Things like: is the client keeping to their fitness schedule? Did they attend that philanthropic event they mentioned? Did they talk with their father about elder care costs? Did their five-year-old daughter have a good birthday?
These small moments help clients feel heard and foster connections that go beyond conversations about market volatility and portfolio adjustments. They build the kind of trust that makes clients more likely to act on advice when it matters.
What advisors need is a single client dashboard that captures all of this information, notifies them when important moments are coming up, and houses everything in one place — so they can act quickly and efficiently rather than trawling through multiple platforms to piece together a client's needs.
This also helps with compliance. Having a single place to show how you are acting in a client's best interests supports consumer duty requirements and Know Your Customer obligations. And if that client profile connects their needs to your key advice areas and surfaces the conversations that led to the actions you've taken, fiduciary duty is covered, too.
Being time-poor shouldn't be an excuse. The right tools can better arm advisors and their support teams with the information they need, when they need it.
Differentiating Your Client Experience
Once the basics are in place and you're communicating regularly with clients about their lives, finances, and goals, you can start building experiences that lead to deeper, more meaningful conversations. At Lumiant, we believe there are three core experiences that will help you stand out and differentiate your firm.
1. Understanding Client Motivations
We're not just talking about financial motivations or the goals of the "financial spouse." We're talking about what clients actually want to achieve by receiving meaningful advice.

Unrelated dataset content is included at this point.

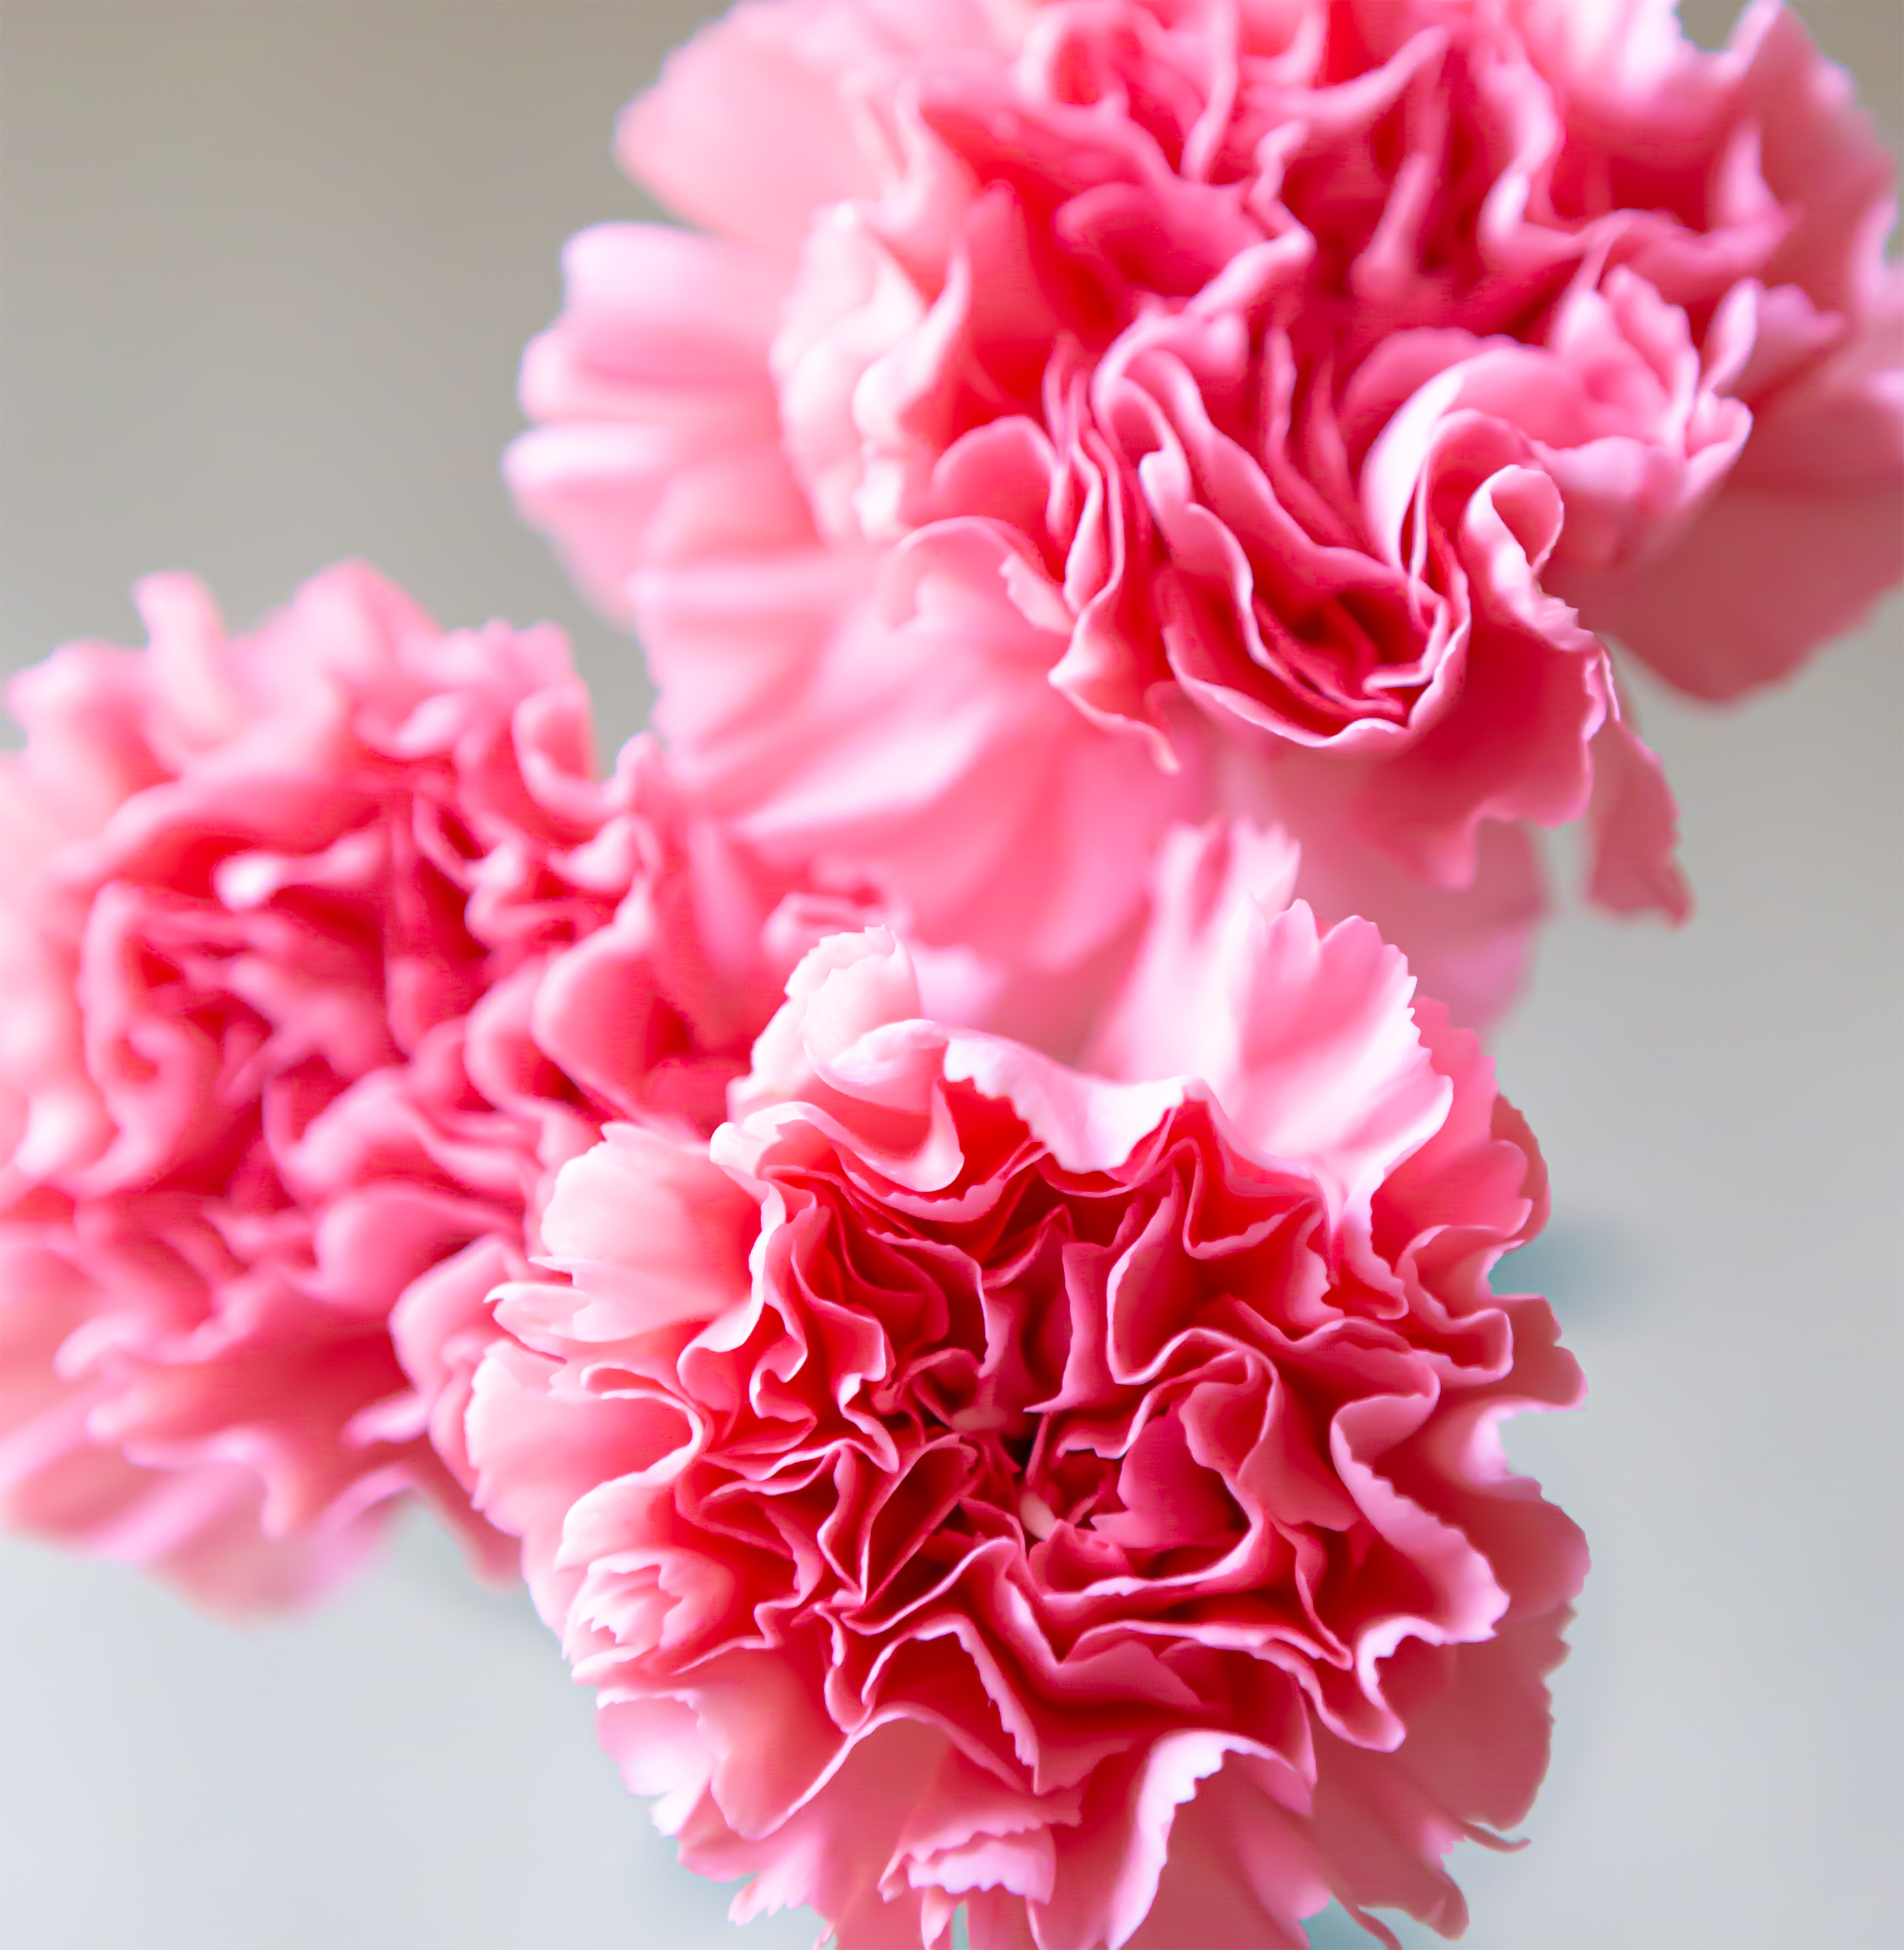 カーネーションの花びら02 無料の高画質フリー写真素材 イメージズラボ

Most current experiences are geared toward defining financial strategies: How much risk do they want to take? What returns are they expecting? How much do they want to leave in their estate? But this doesn't get to the why, and it only really engages clients who already have some financial knowledge.
That's why we focus on helping clients uncover the values that underpin their goals. This gives a voice to both partners in a relationship and shifts the conversation away from performance and toward life outcomes.
2. Defining Client Goals
Once you have the underlying drivers, you can define the goals that will help clients live a life aligned with their values. Many tools let you capture goals — but what will help you stand out is how you capture them.
Bring those goals to life. Get them out of spreadsheets and list formats and use images to highlight client aspirations. The more personal, the better. It could be a photo of the family outside their dream home, or the campervan they'll buy to tour the country in retirement. Ask clients to choose imagery and videos that are meaningful to them — ones that evoke the right emotions and feel genuinely inspiring. Make an event out of it, whether in a meeting or as homework that gives a couple time to think about their future together.
3. Connect the Dots to Your Financial Strategies
The final experience we recommend is aligning client values and goals to the key advice areas your firm provides. This means bringing all your services onto one screen and activating the right areas based on the individual client's needs, goals, and values.
Not only does this show clients what their best life looks like — it allows you to educate them on how you'll help them achieve it. It brings to life the financial journey they're embarking on and shows how the plan will evolve over time to meet their needs and aspirations. Most importantly, it builds trust. It shows the client that you've heard them, considered their needs, and can support them as those needs change.
Everything You Need, All in One Place
Once you've worked through these three experiences, it comes full circle back to the client profile. Housing everything in one place means you can see exactly what you're working on and why — tracking progress, sending updates, and celebrating successes when goals are achieved. It also means that anyone in your firm can communicate and engage with clients at the moments that matter most.
Don't lose clients due to a lack of communication. Make it your differentiator and use it to grow your business. Your advisors' lives will be easier — and your clients will be happier too.